Paste this configuration:

{
  "chatgpt": {
    "platform": "win",
    "responseTimeout": 600000,
    "projects": {
      "default": {
        "folder": "Agent Expert Help",
        "conversation": "Copilot Escalations"
      }
    }
  },
  "logging": {
    "level": "info"
  }
}

Step 4: Add to Your MCP Client

For VS Code with GitHub Copilot (%APPDATA%\Code\User\mcp.json):

{
  "servers": {
    "chatgpt-escalation": {
      "command": "node",
      "args": ["N://AI Projects//chatgpt-escalation-mcp//dist//src//server.js"]
    }
  }
}

For Claude Desktop (%APPDATA%\Claude\claude_desktop_config.json):

{
  "mcpServers": {
    "chatgpt-escalation": {
      "command": "node",
      "args": ["C://path//to//chatgpt-escalation-mcp//dist//src//server.js"]
    }
  }
}

⚠️ Use double forward slashes // in paths for JSON, or escape backslashes as \\\\

Step 5: Teach Your Agent When to Escalate

Add escalation instructions to your agent. Choose the format that matches your tool:

GitHub Copilot (.github/copilot-instructions.md)
## Expert Escalation Protocol

You have access to the `escalate_to_expert` MCP tool that sends questions to ChatGPT for expert guidance.

### When to Escalate
- You've tried 3+ approaches without success
- The problem requires specialized domain knowledge
- You're unsure if the fundamental approach is correct
- You're hitting consistent failure patterns you can't diagnose

### How to Escalate
Use the `escalate_to_expert` tool with:
- `project`: "default" (or specific project ID)
- `reason`: Why you're stuck (be specific)
- `question`: The technical question
- `attempted`: What you already tried and results
- `artifacts`: Relevant code snippets

### After Escalation
Read the full response before implementing. ChatGPT often provides multiple approaches - pick the most appropriate one for the context.
Cline / Roo Code (.clinerules or .roo/rules)
## Expert Escalation Protocol

You have access to the `escalate_to_expert` MCP tool.
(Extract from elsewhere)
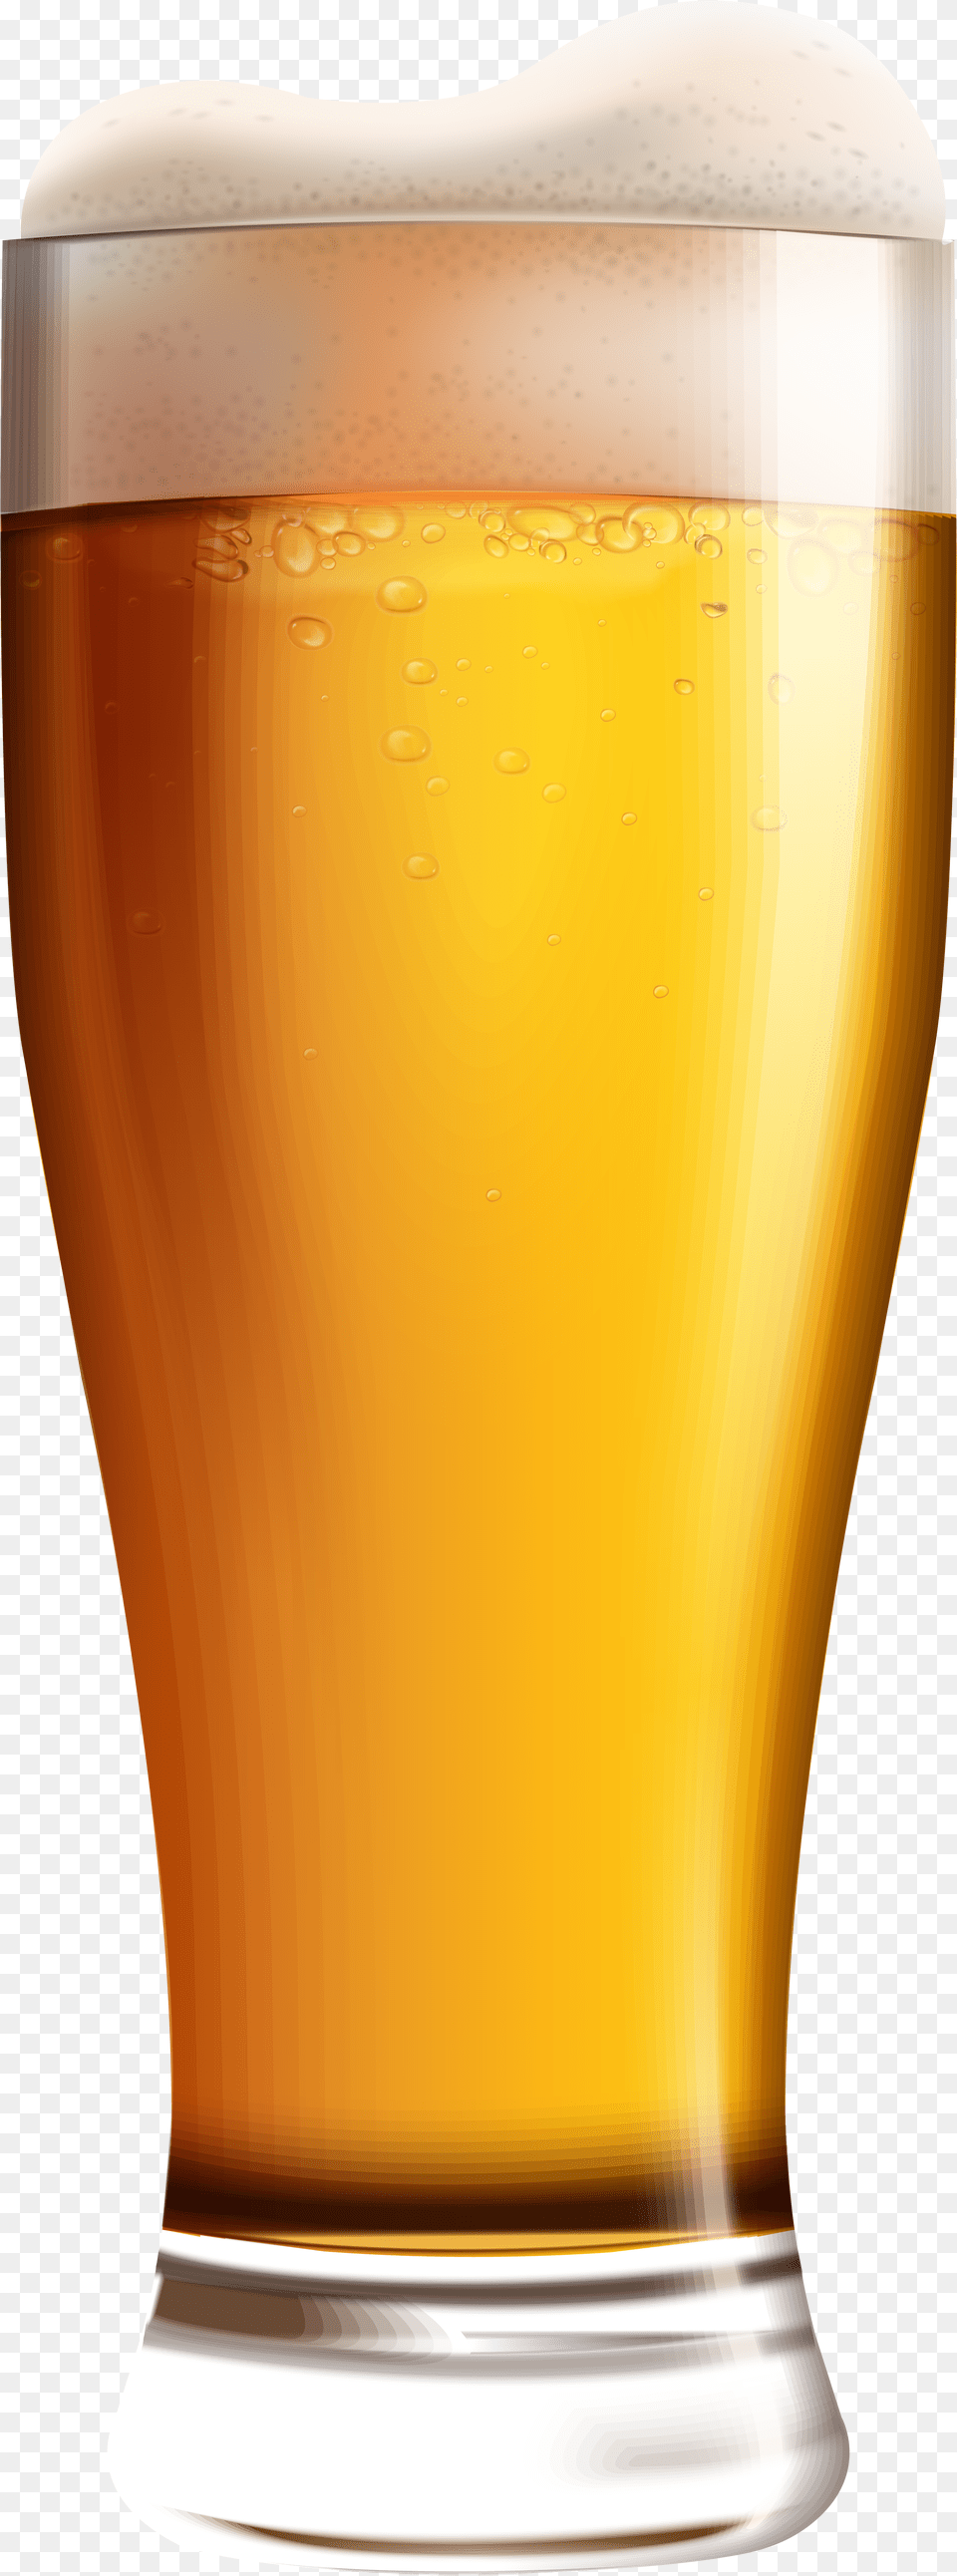 Glass Of Beer, Alcohol, Beer Glass, Beverage, Liquor Free Transparent Png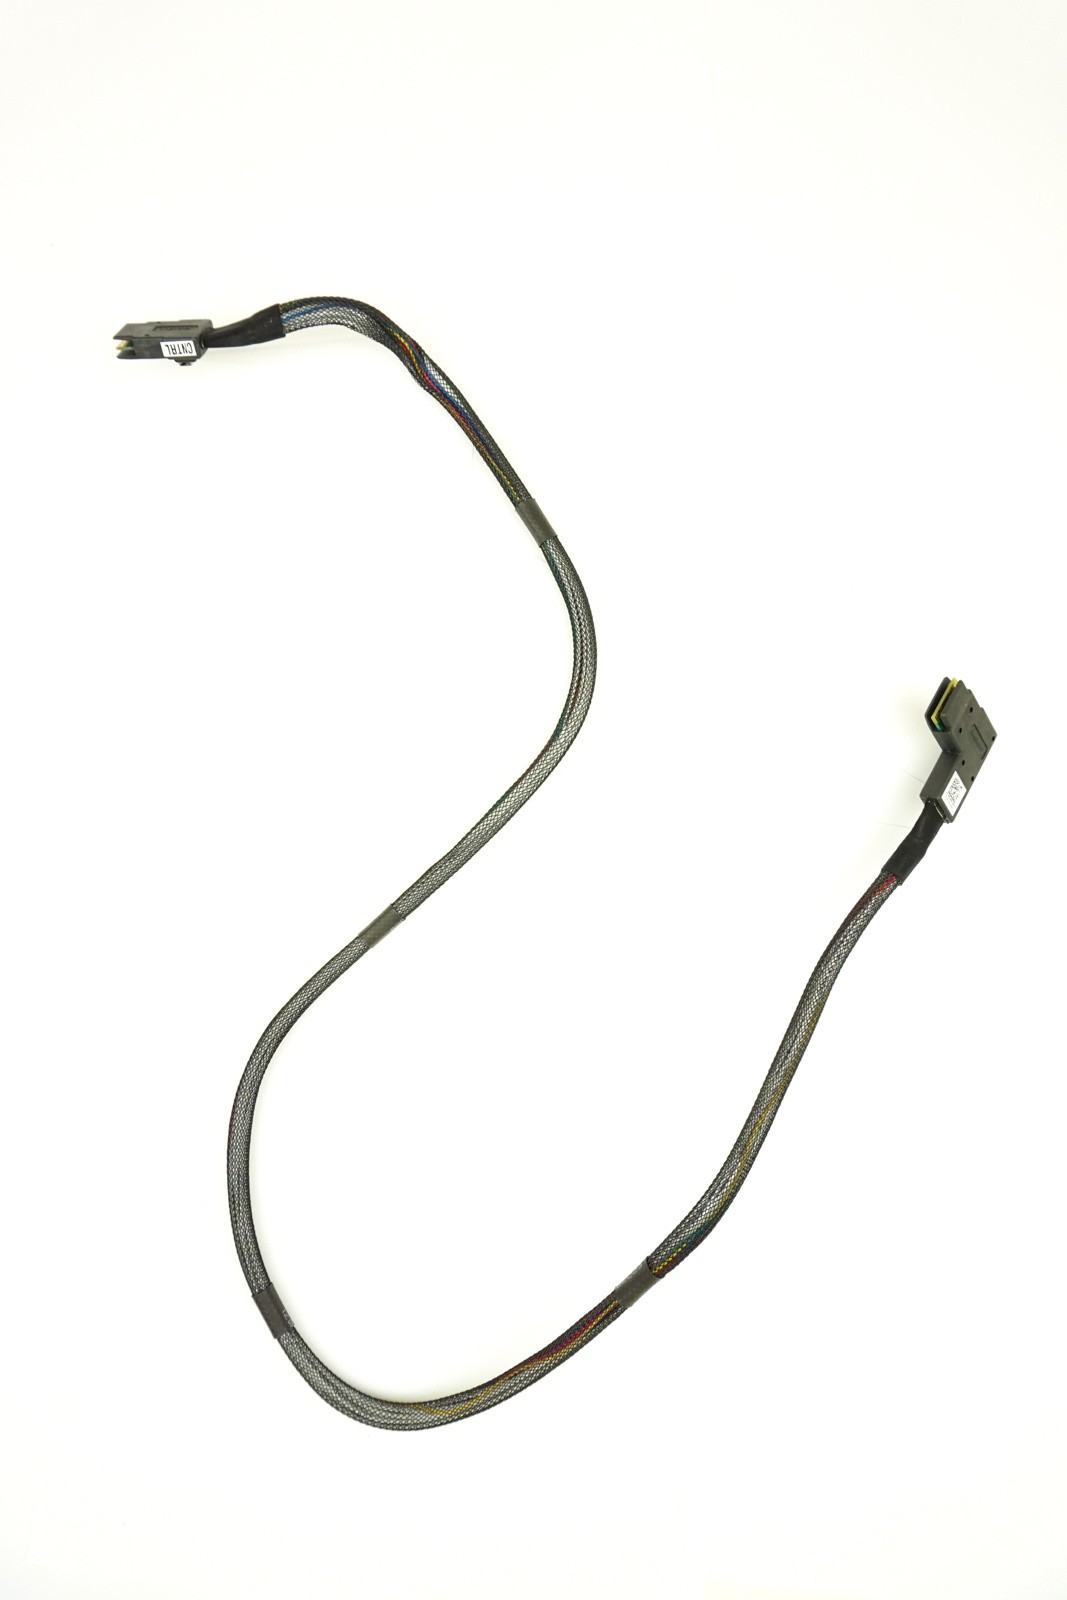 Dell PowerEdge R610 - Mini-SAS A/B to Hxxx Cable 29"

Use it when stuck.

### Escalation Triggers
1. **Accuracy plateau** - 3+ attempts with no improvement
2. **Consistent failures** - Same error pattern despite different approaches
3. **Domain gap** - Problem needs specialized knowledge you lack
4. **Architecture uncertainty** - Unsure if approach is fundamentally correct

### Before Escalating
Stop and ask the user: "I've tried [X approaches] but I'm hitting [limitation]. Should I escalate to ChatGPT?"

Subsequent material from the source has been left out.